Сегодня простой человек не ищет музыку. Он встает и говорит: «Доброе утро, Алиса! Составь мне плейлист на сегодня». И Алиса, исходя из того, что сейчас популярно в интернете, и того, что этот человек слушает, выдает ему некий музыкальный фаст-фуд. Она никогда ему не предложит послушать целый альбом группы «Чайф». Так что Стив Джобс подложил мину замедленного действия всему мировому музыкальному сообществу. Он сказал людям: зачем вам отдельные альбомы, вы сами себе можете сделать сборник на день, на неделю. Он взорвал эти устои, они ни у кого не работают, не только у нас. В интернете музыку альбомами слушает очень небольшой процент людей. Мы бы хотели, чтобы альбом воспринимался целостно, так, как мы его задумали, с его атмосферой и последовательностью песен. Но в современных реалиях некоторые наши песни просто не доходят до слушателя.
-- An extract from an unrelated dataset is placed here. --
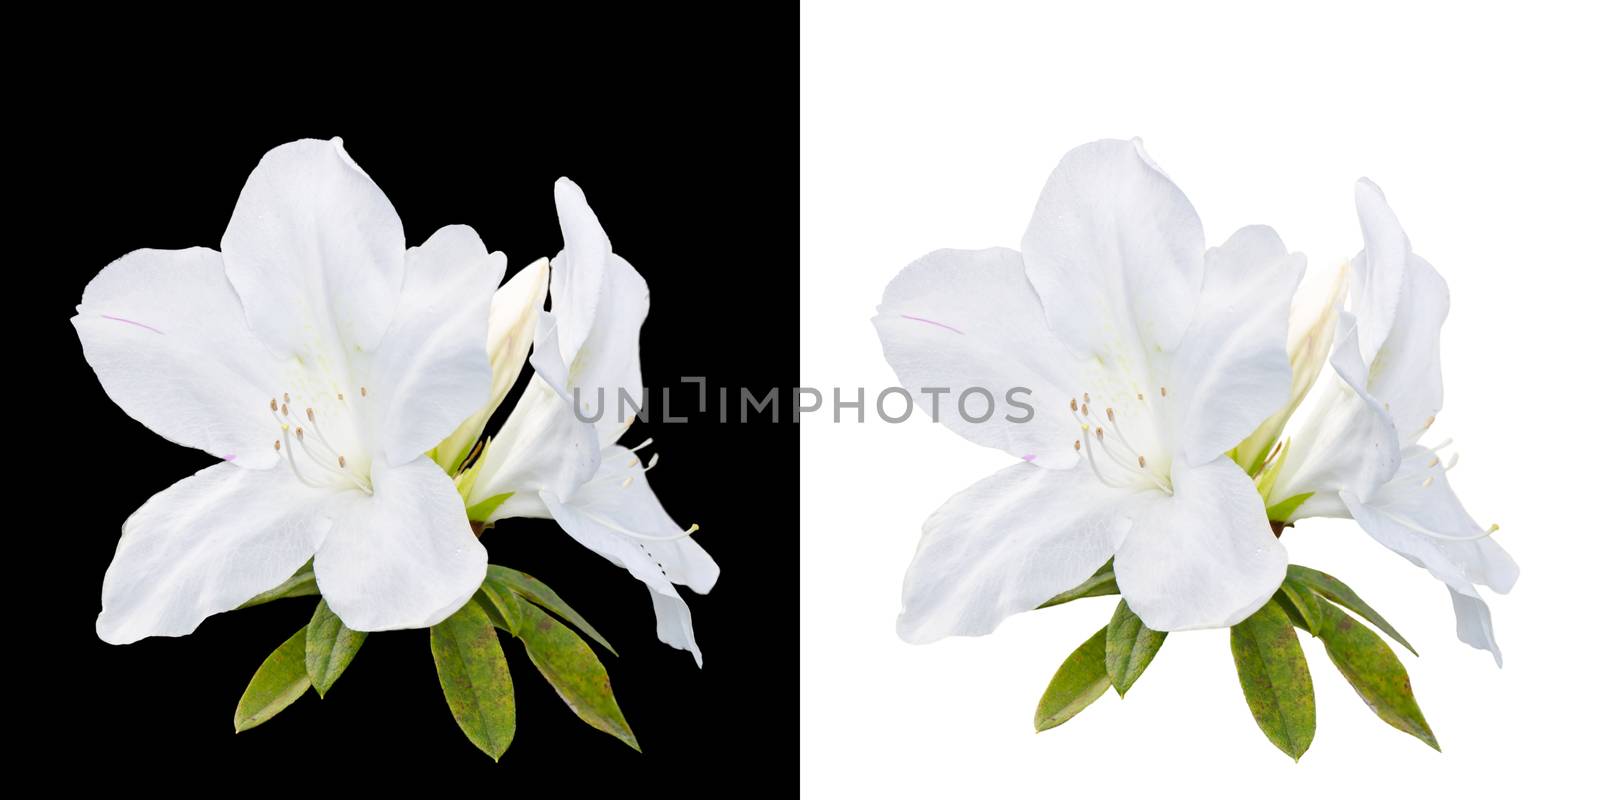 Rhododendron moulmeinene Hook ( Ericaceae ) flowers seen on the high mountains of Thailand on white and black background

В коммерческом отношении запись альбома на сегодняшний момент – это абсолютно расходная статья. Новые альбомы не приносят музыкантам ничего. На концертах люди, конечно, покупают альбомы на виниле и CD, но уже больше как сувениры. Вот мы записали перед Новым годом альбом, и я понимаю, что мы просто для себя зафиксировали, что мы все еще рок-группа, у нас есть новые песни и у нас такой-то саунд на сегодняшний момент. Выход этого альбома важен для нас и для очень небольшого количества поклонников. А так, людям, которые просто любит группу «Чайф», ходят на наши концерты, все равно, вышел он или нет. Они услышат по радио какую-то песню с него, им понравится, и они закачают ее себе. А весь альбом вряд ли качнут. Физическое обладание музыкальным продуктом исчезло, понимаете? Где-то там, в воздухе, есть какая-то музыка, и когда мне будет надо, я ее послушаю.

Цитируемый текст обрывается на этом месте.